Historic building in Milwaukee, Wisconsin

The North Third Street Historic District is a somewhat intact business district on the near north side of Milwaukee, Wisconsin, with a wide range of surviving buildings dating back to 1854. It was listed on the National Register of Historic Places in 1984 and on the State Register of Historic Places in 1989.

In the 1850s development began at the intersection of Third Street and Juneau Avenue and gradually grew to the north - the first major business district outside Milwaukee's central business district a mile to the south. Business has continued there for many years, so the district contains examples of many phases. Here are some of the best:
- The Hardt block at 1739-1745 N. 3rd Street is a 2-story brick commercial block built in 1854. The first occupant was baker Adam Englehardt, who stayed there until 1869. The building's design is Romanesque Revival, the style whose hallmark is the round arches at the window-tops. Bricks form pilasters, the corbelled cornice, and the pediment at top center. This is the oldest surviving building in the district.
- The house at 1948 N. 3rd Street was built in 1868 - a 2-story frame house with the windows and doors topped by curved hood moulds drawn from Italianate style.
- The George Geiger building at 1751 N. 3rd Street was built in 1882 for Geiger's grocery business. It was designed by Henry Messmer, with simple Italianate styling.
- The Deffner building at 2034-2036 N. 3rd Street was built in 1885, a 2-story Victorian Italianate building with a pressed metal cornice. John C. Deffner was Bavarian immigrant harness-maker who also ran a horse furnishings store out of this building.

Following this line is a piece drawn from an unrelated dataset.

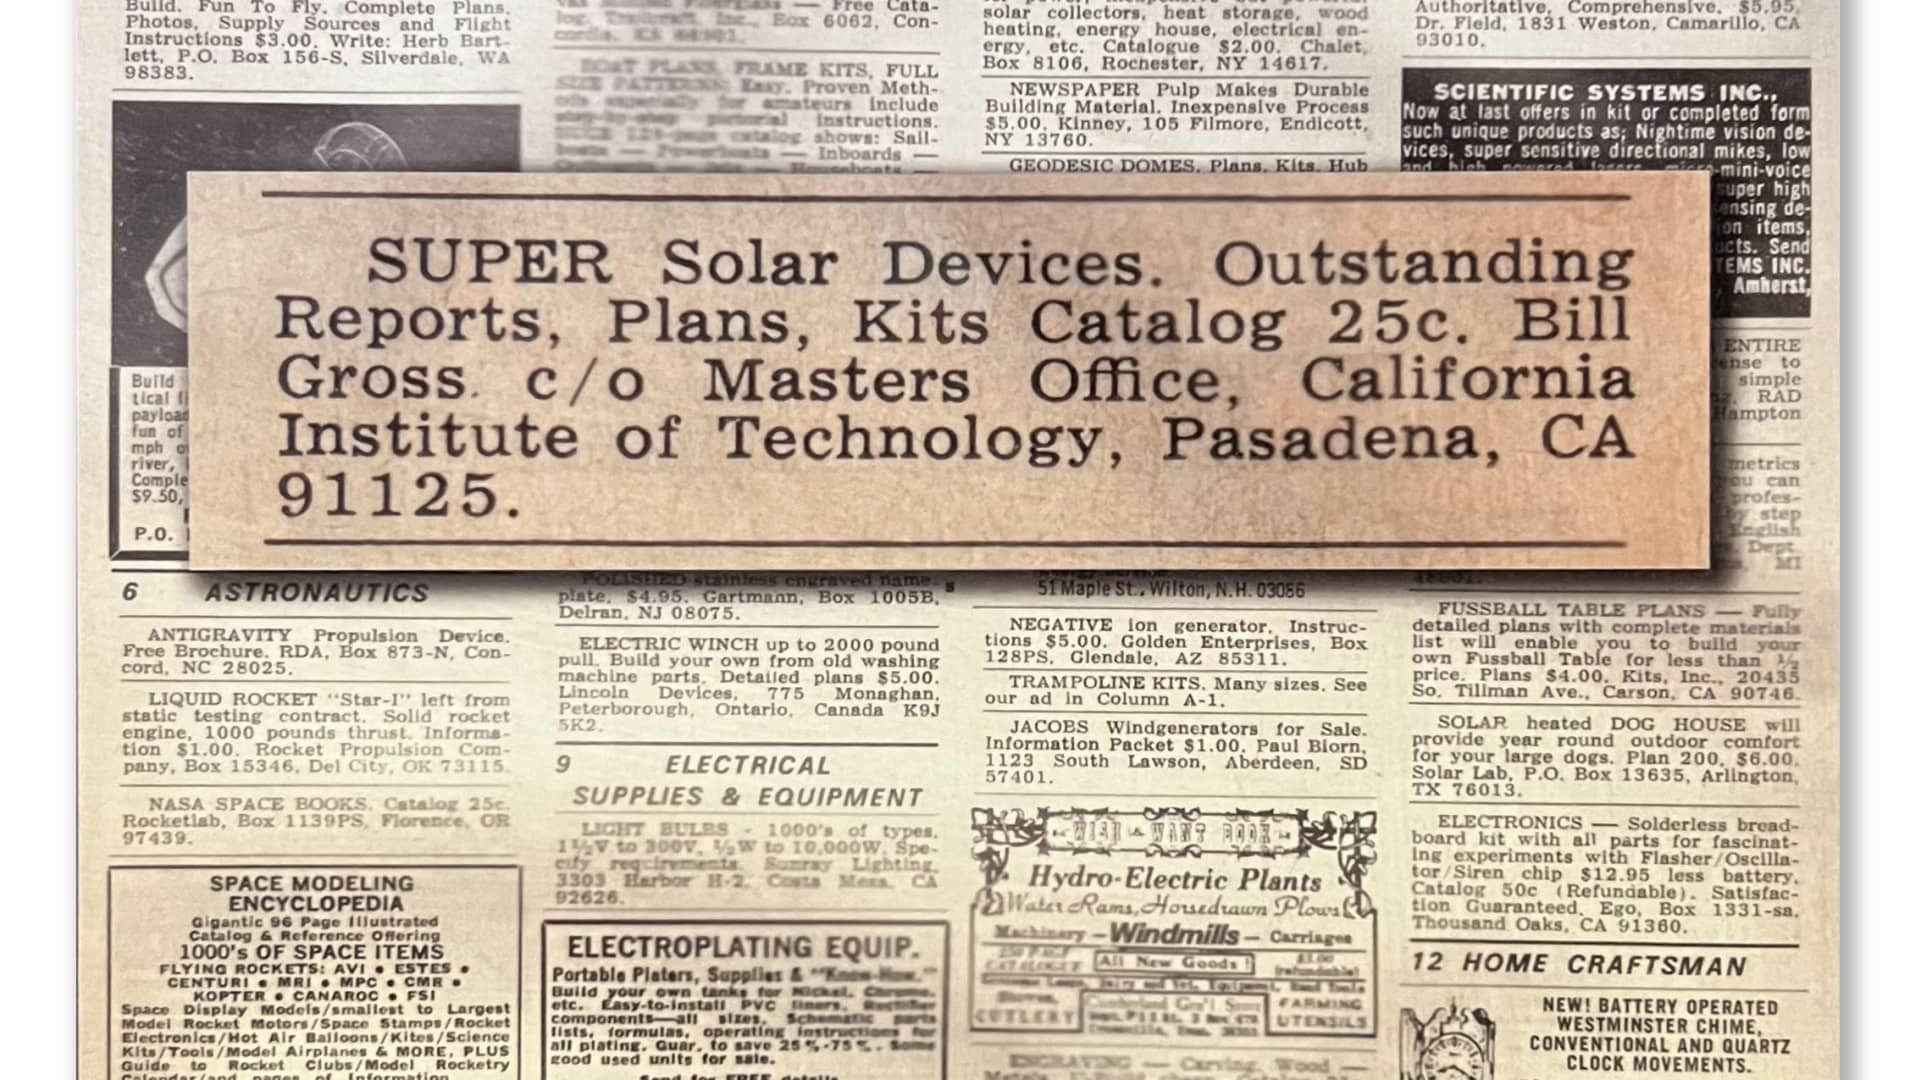 An advertisement that Bill Gross placed in the back of Popular Science magazine to advertise his solar devices company. The plans Gross sold were $4.00, but the ad says 25 cents to get a catalog, because he had a few different offerings. 
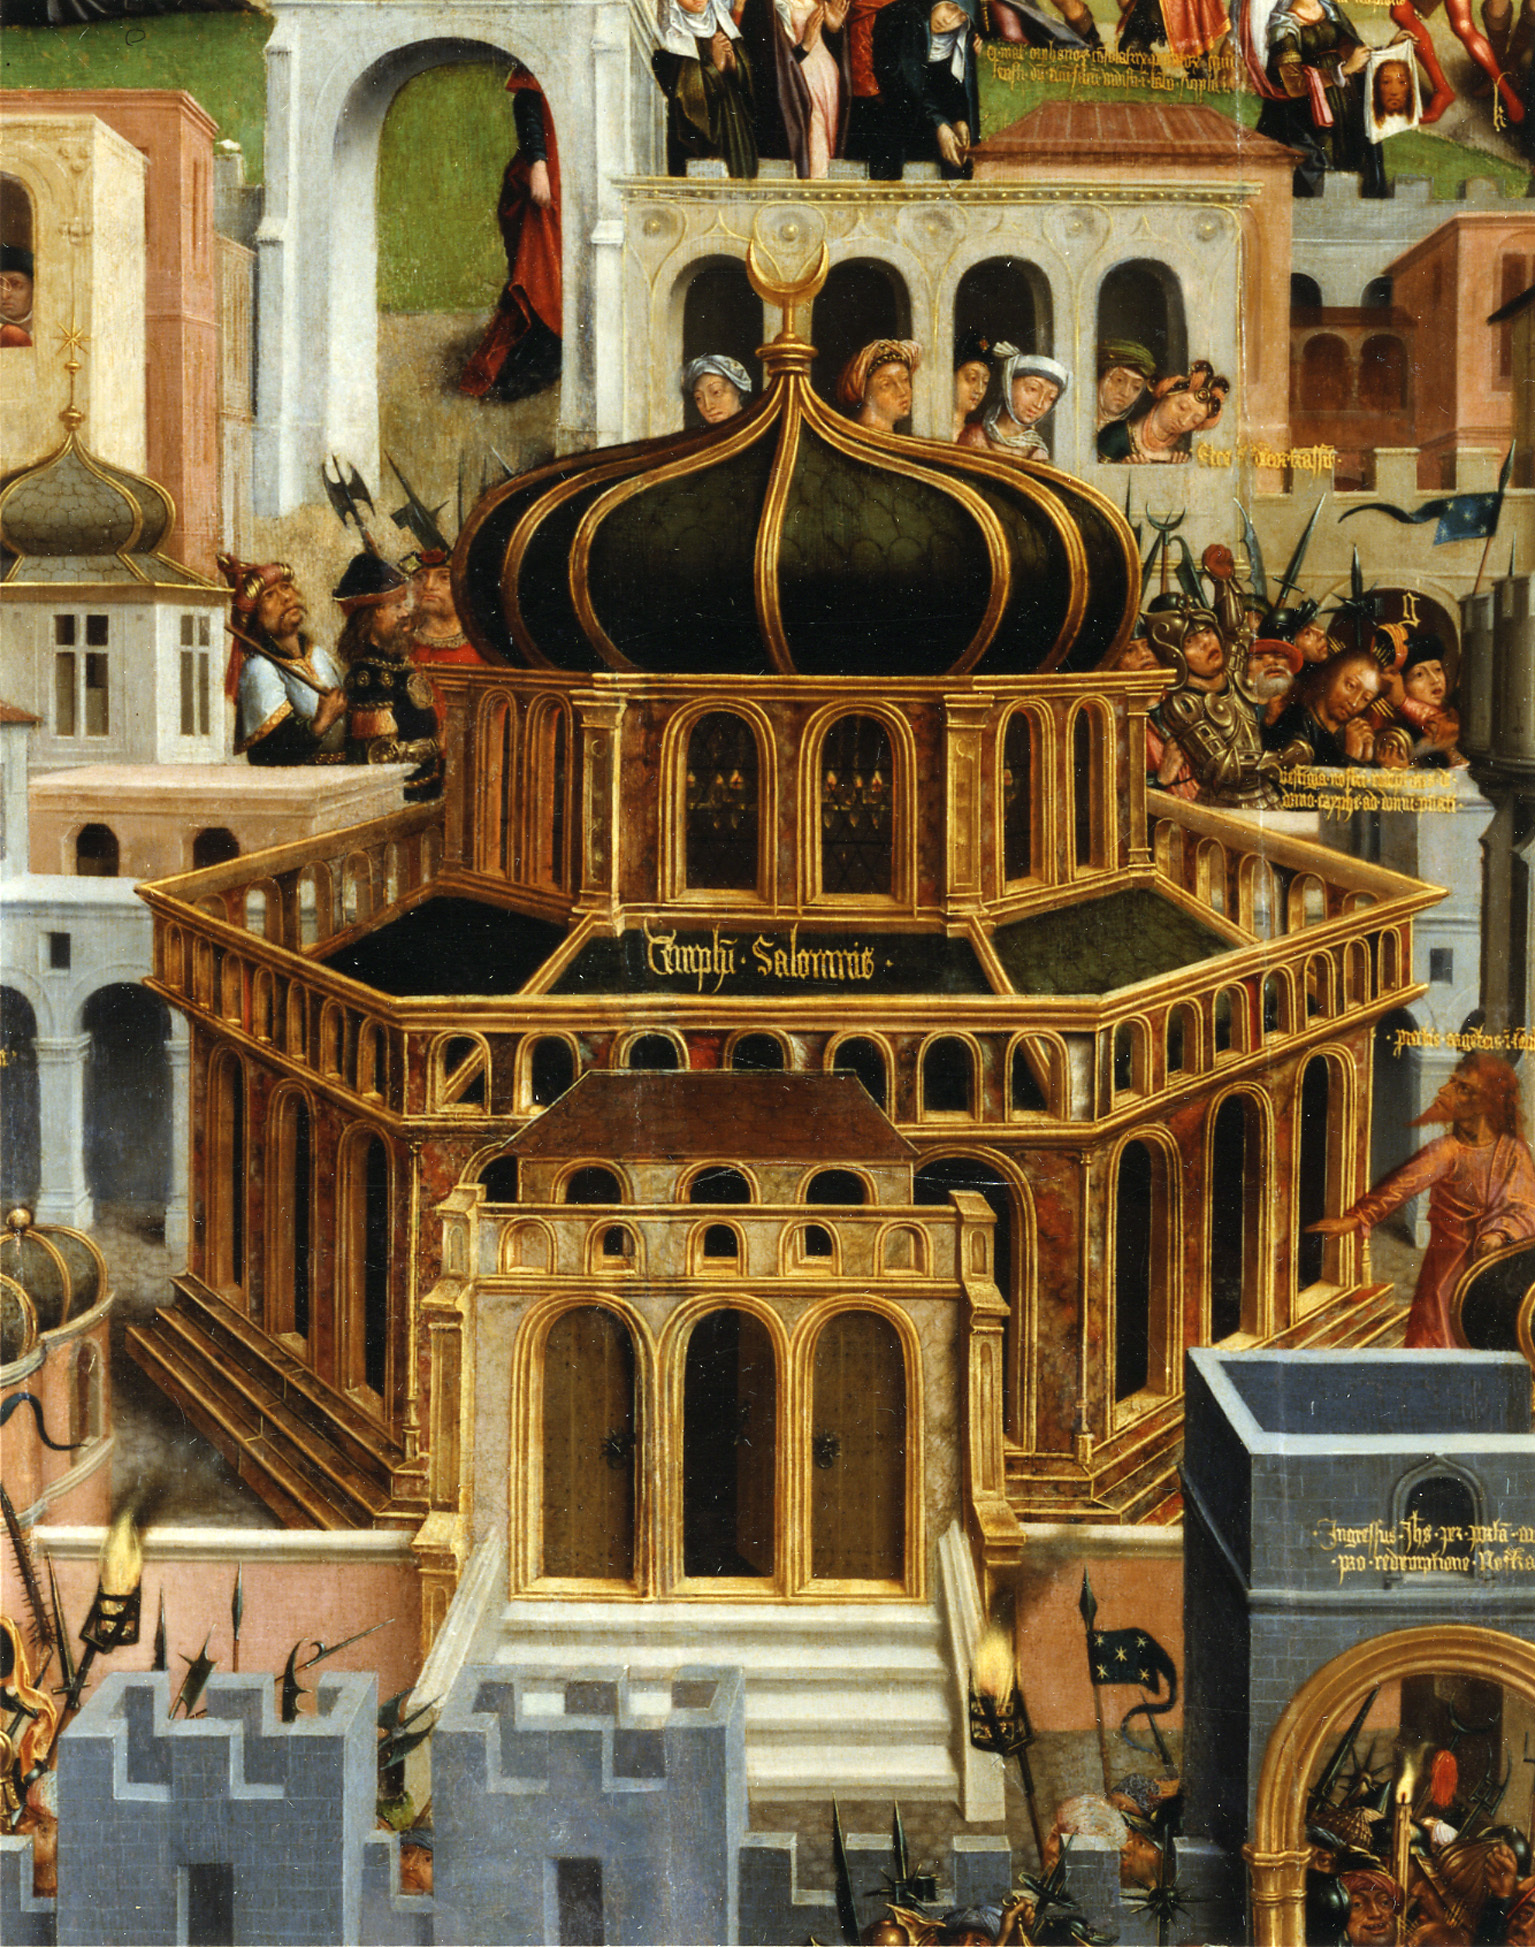 Crusading in a Lisbon Convent: The Making and Meaning of The Passion of  Christ in Jerusalem (Lisbon, ca. 1500) - Journal of Historians of  Netherlandish Art

- The building at 1806-1808 N. 3rd Street is a 3-story brick structure built in 1890, with bay windows and an elaborate cornice and corner finials drawn from German Renaissance Revival style.
- The Mayer and Durner building at 2000-2006 N. 3rd Street was built in 1891. It was designed by German immigrant Henry Messmer, who drew the bay window from Queen Anne style, the hood moulds over the windows and the pediment from Italianate style, and the upward-pointing finials from Gothic Revival. Herman Mayer's crockery store was the first occupant, until 1906. Then Adolph Haise ran a drug store there until 1921.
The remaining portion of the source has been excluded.